#### Your objective
Reproduce the full listing below unchanged, apart from the pictures.

#### Recorded information
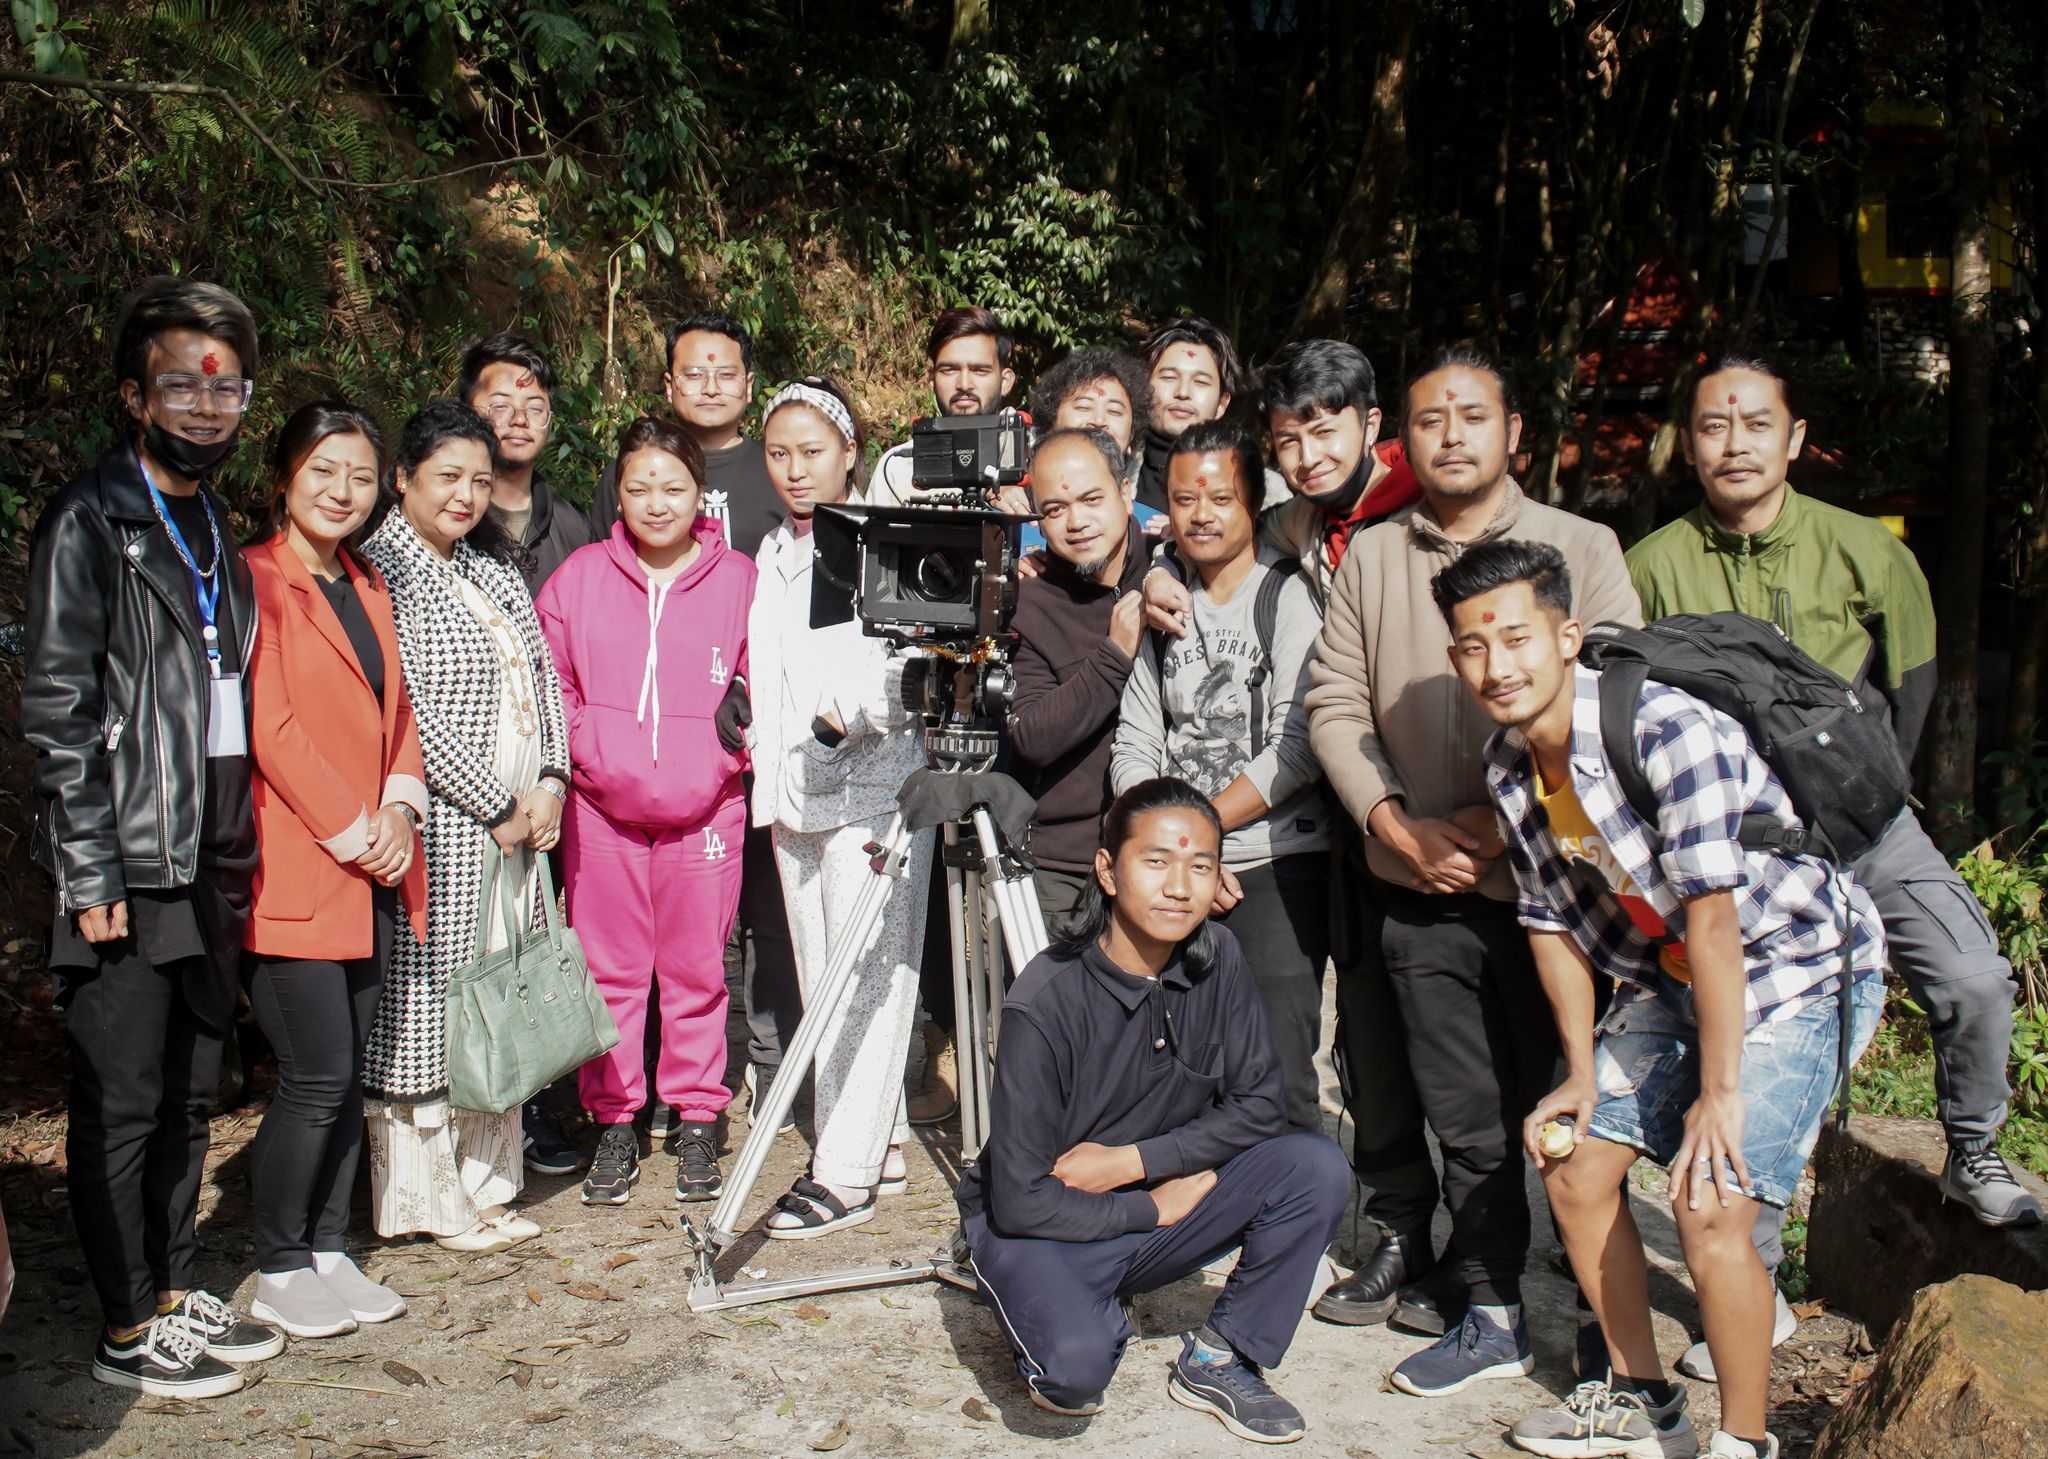 फिल्म ‘क्रसरोड्स-कथा तिम्रो र मेरो’को छायांकन शुरु
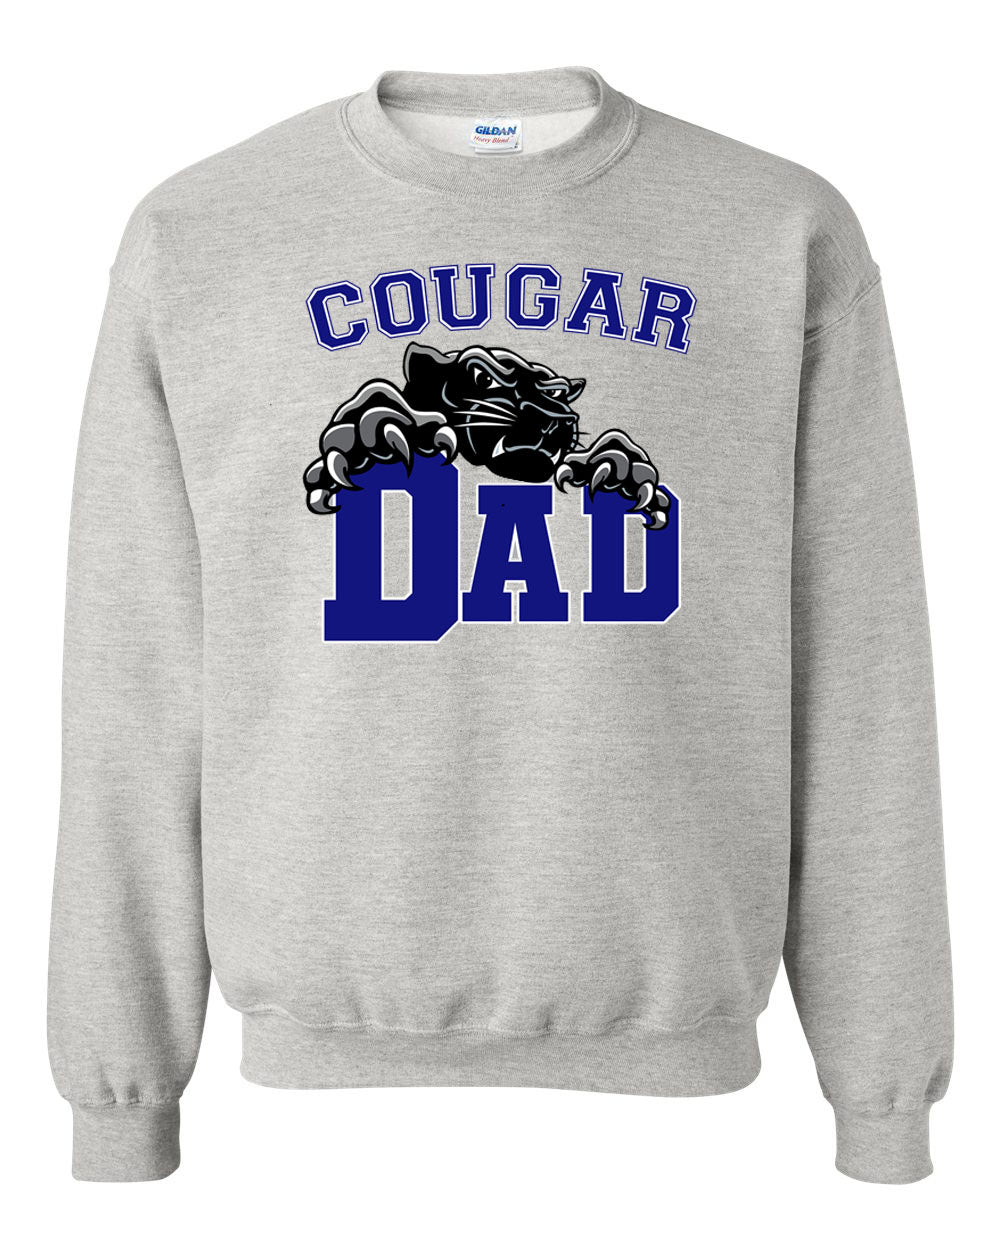 Cougar Dad non hooded sweatshirt
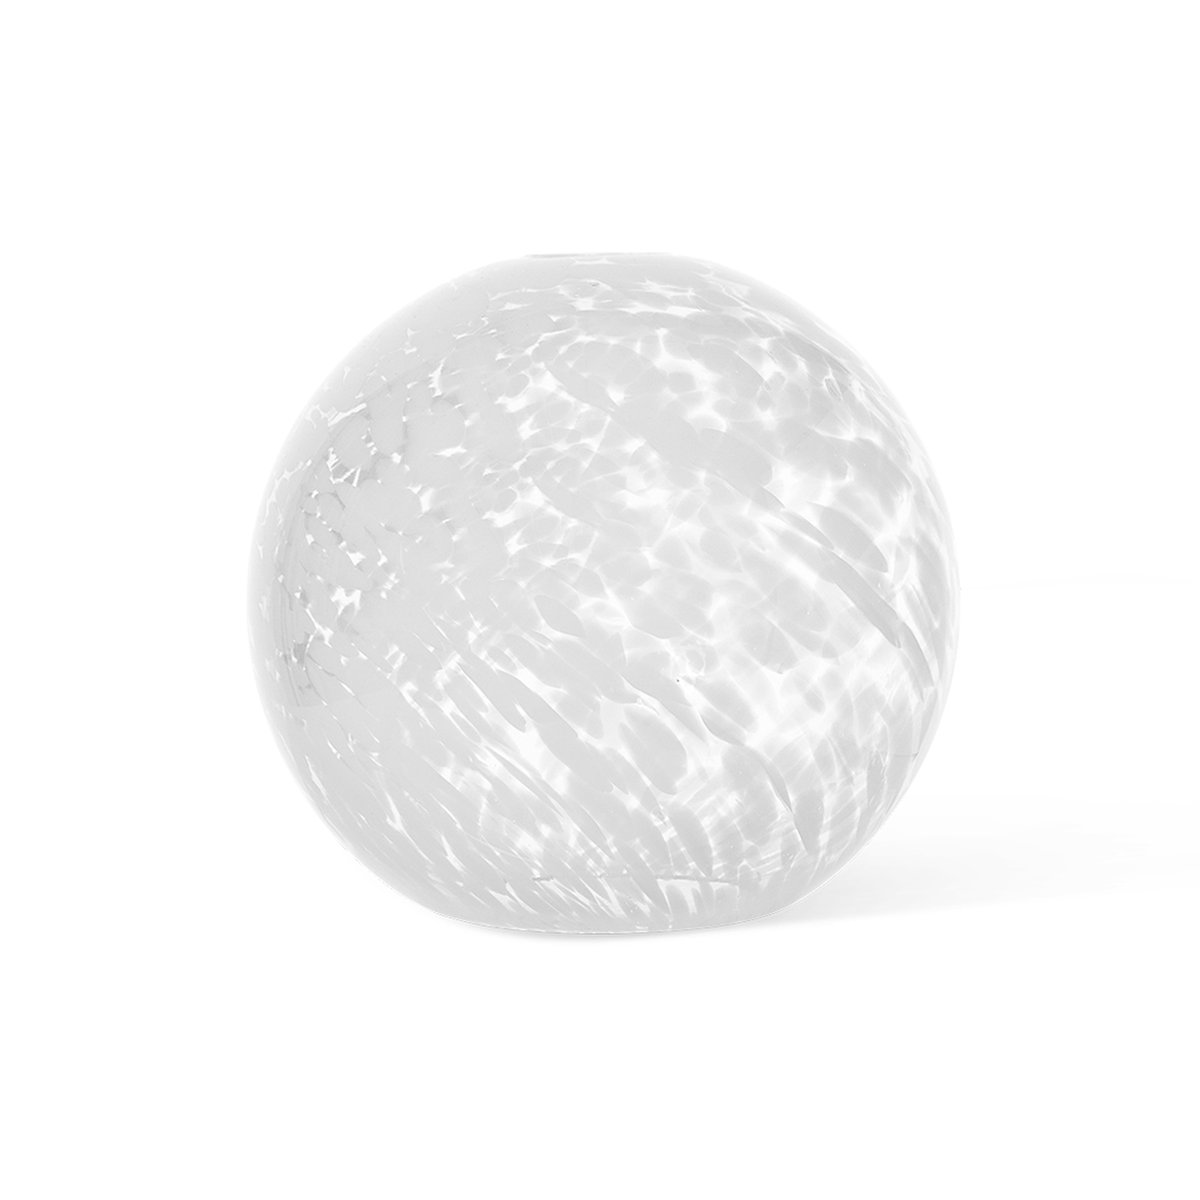 Bilde av ferm LIVING Casca Shade glasskule sphere Ø 25 cm Milk
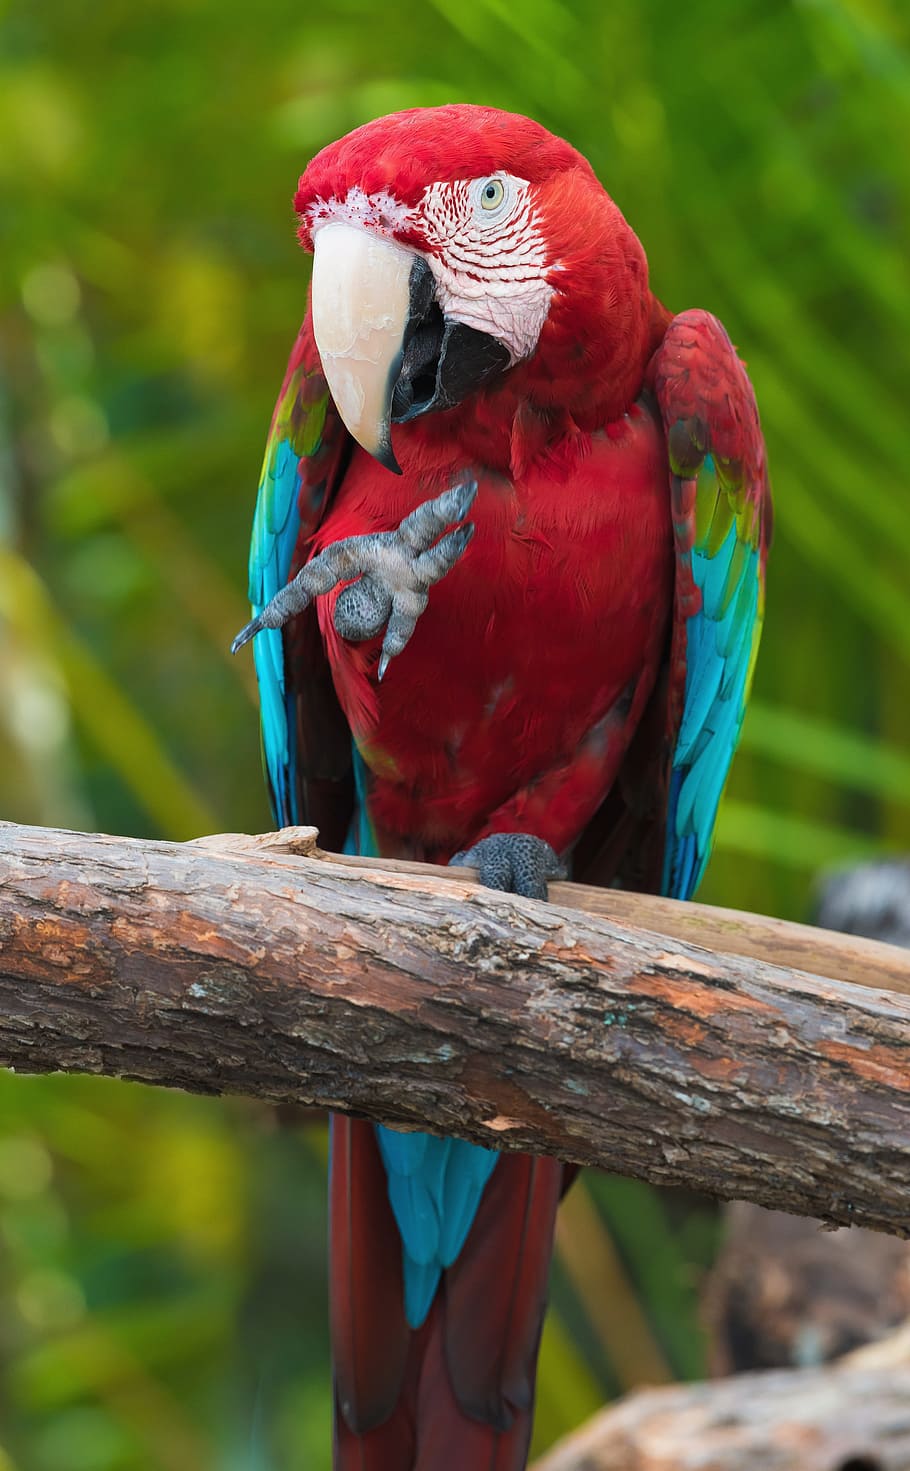 kirmizi, macaw, duduk, coklat, kayu, closeup, foto, Scarlet Macaw, kayu coklat, bayan

#### Result of this task
 फिल्म ‘क्रसरोड्स-कथा तिम्रो र मेरो’को छायांकन शुरु
 Cougar Dad non hooded sweatshirt
 Bilde av ferm LIVING Casca Shade glasskule sphere Ø 25 cm Milk
 kirmizi, macaw, duduk, coklat, kayu, closeup, foto, Scarlet Macaw, kayu coklat, bayan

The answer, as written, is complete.